The bird that remains tame is a bird who is regularly handled and sensitively interacted with, so as long as you manage to spend some quality time together daily, then he shouldn't become fearful of you - you're just much less likely to be his BBF. 
Tameness means different things to different people.
Don't rush into a decision, think carefully about whether you simply want a bird who isn't scared and feels at ease with you, or whether you actually want a bird who also wants to spend time interacting with you. If you want some 'decent bonding', then I'd keep him in his own cage to form and solidify that bond before considering housing him with your hen.

Did you quarantine this new bird?
http://www.talkbudgies.com/new-budgie-arrivals/295153-quarantine-necessary.html

Are your other tame birds budgies? If not, then it isn't recommended that they be housed together.

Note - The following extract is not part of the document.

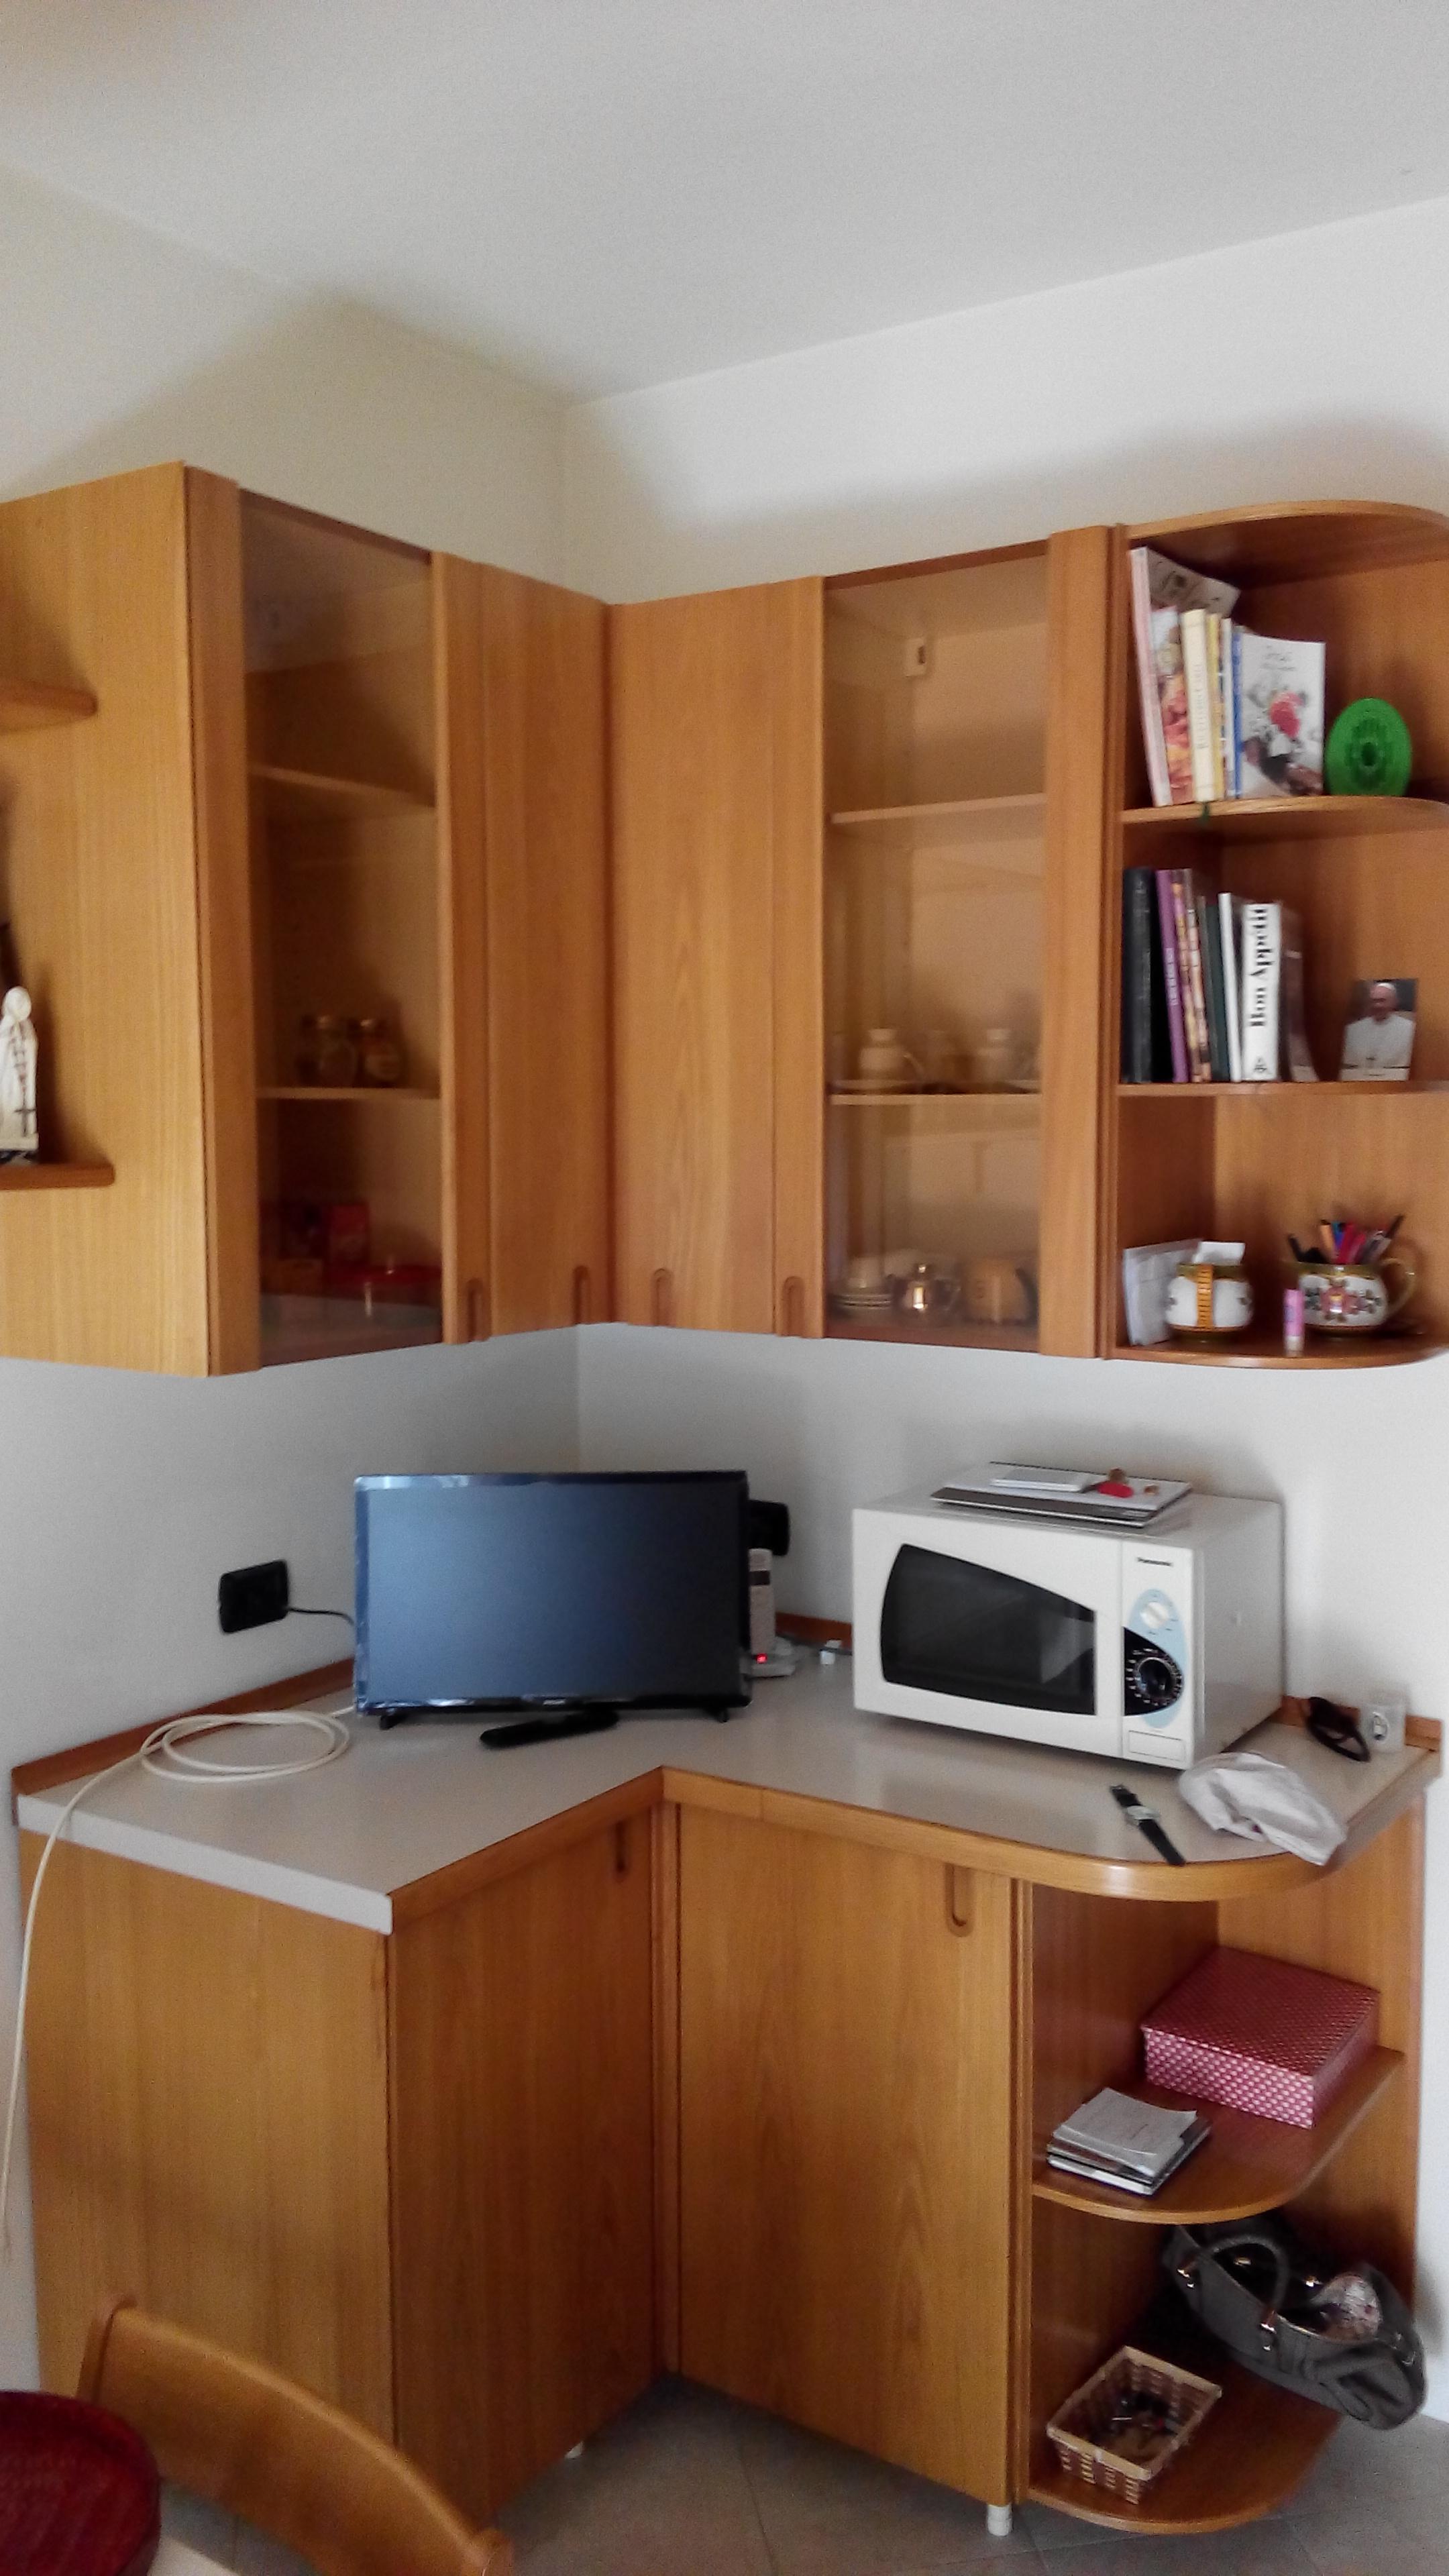 cucina con angolo mobile frigo  Il Tendone solidale

If you decide to work towards housing your baby boy with your hen, then follow the steps of how to gradually introduce them and take note of the advice to avoid any breeding.
http://www.talkbudgies.com/new-budgie-arrivals/295177-introducing-two-budgies.html
http://www.talkbudgies.com/budgie-breeding/327881-heartfelt-plea-forum-members-new-old.html
http://www.talkbudgies.com/budgie-breeding/90584-when-we-dont-want-eggs.html

Best of luck


----------



## philw (Aug 22, 2014)

Great advice from Julia. Said it all


----------



## Asity (Nov 7, 2014)

Thank you for the answer.

When I say tame I don't mean that I want them to hang on me all day. I just mean that I want them to not be scared of me and for me to be able to handle them (take them on my finger/hand) without them being terrified.

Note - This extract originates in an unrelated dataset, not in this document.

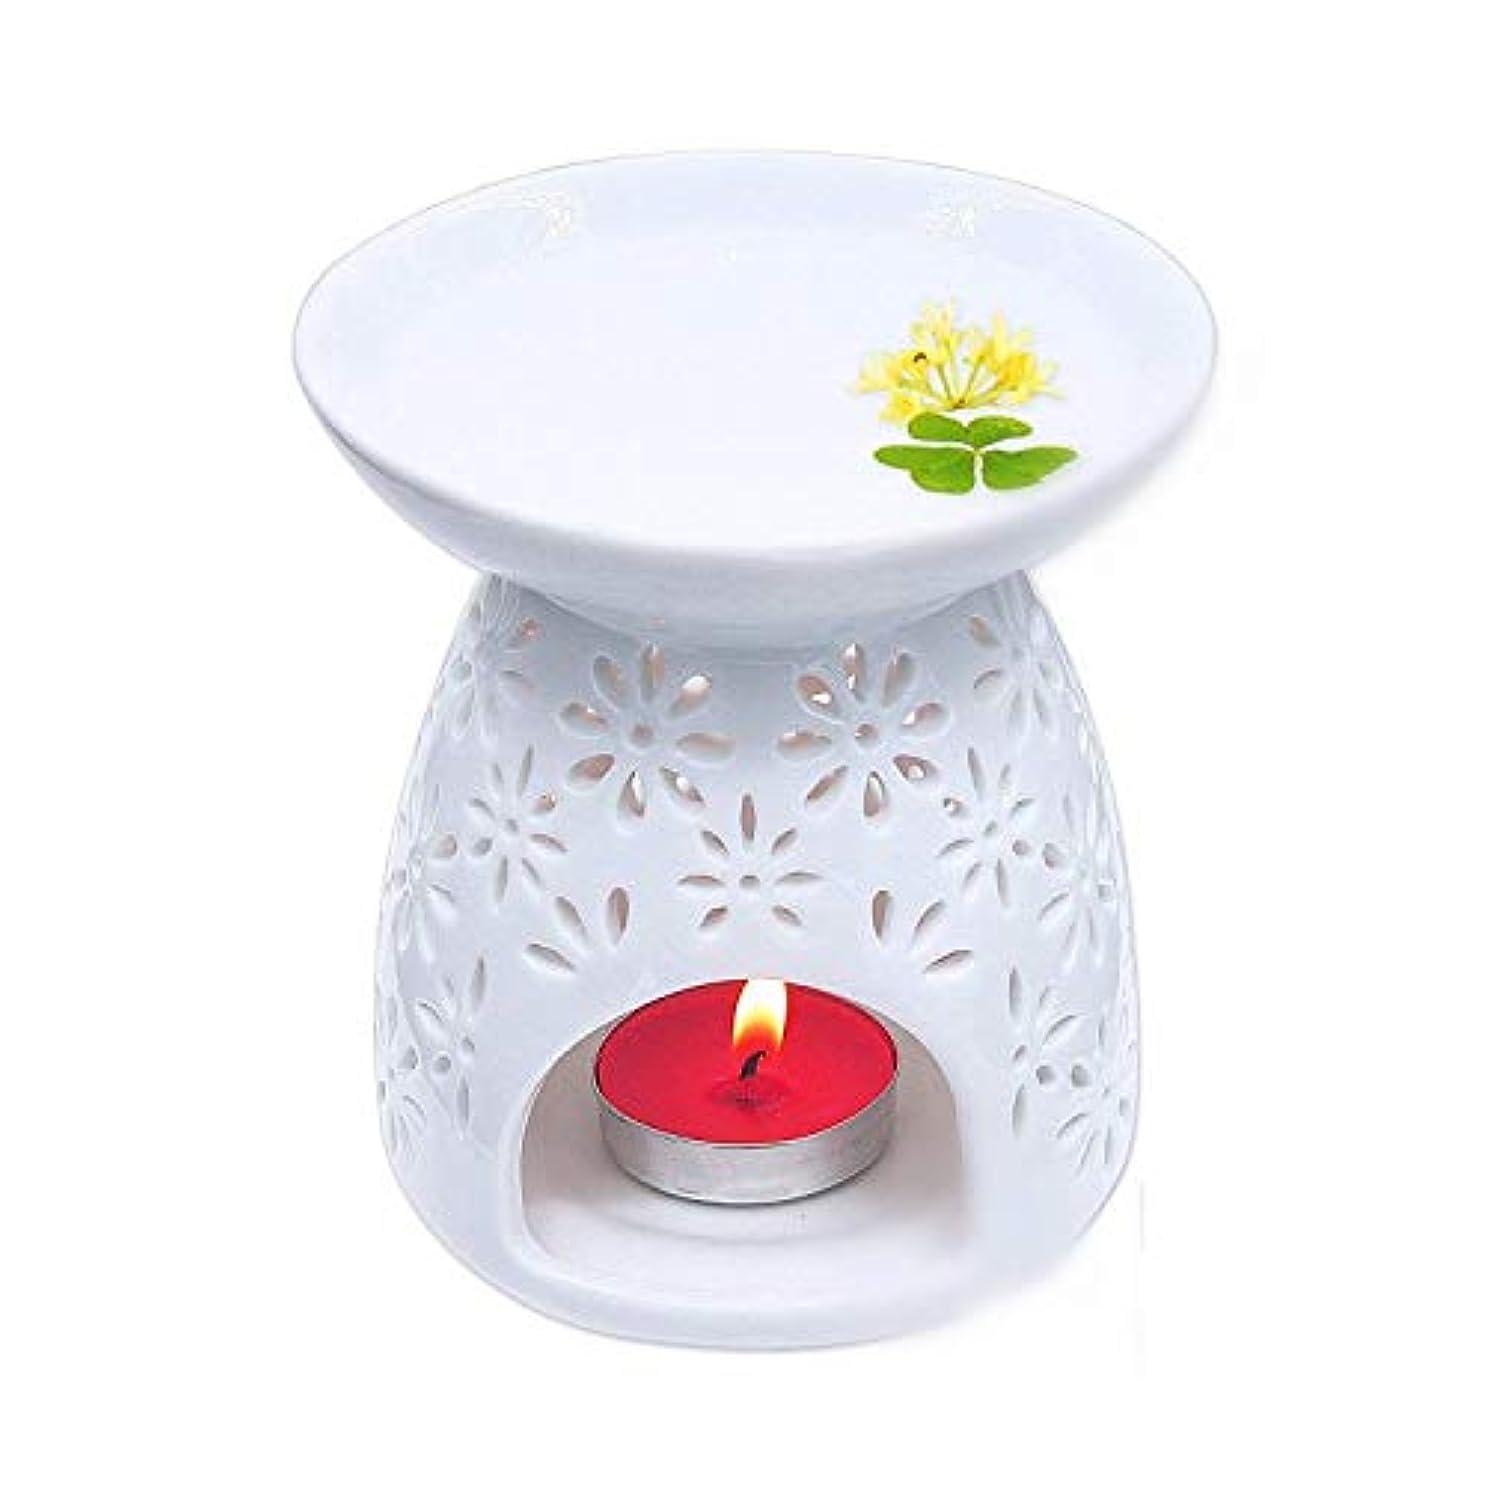 布逆に憲法Pursue 茶香炉 アロマ炉 香炉 陶器 精油 香炉置物 薫香 インテリア アロマディフューザー 中空の彫刻工 消臭と癒し おしゃれ

I know it's possible to have several tame budgies - that is, birds who still seek out their human's company - because I've seen it many places. And I know it requires time and dedication.

My other birds are also budgies. One male still seeks me out himself for a kiss and some human-to-bird chatter even if the other birds are around. That would be the ideal.

New bird is quarantined but that time is almost up so hence why I'm thinking what would be best.


----------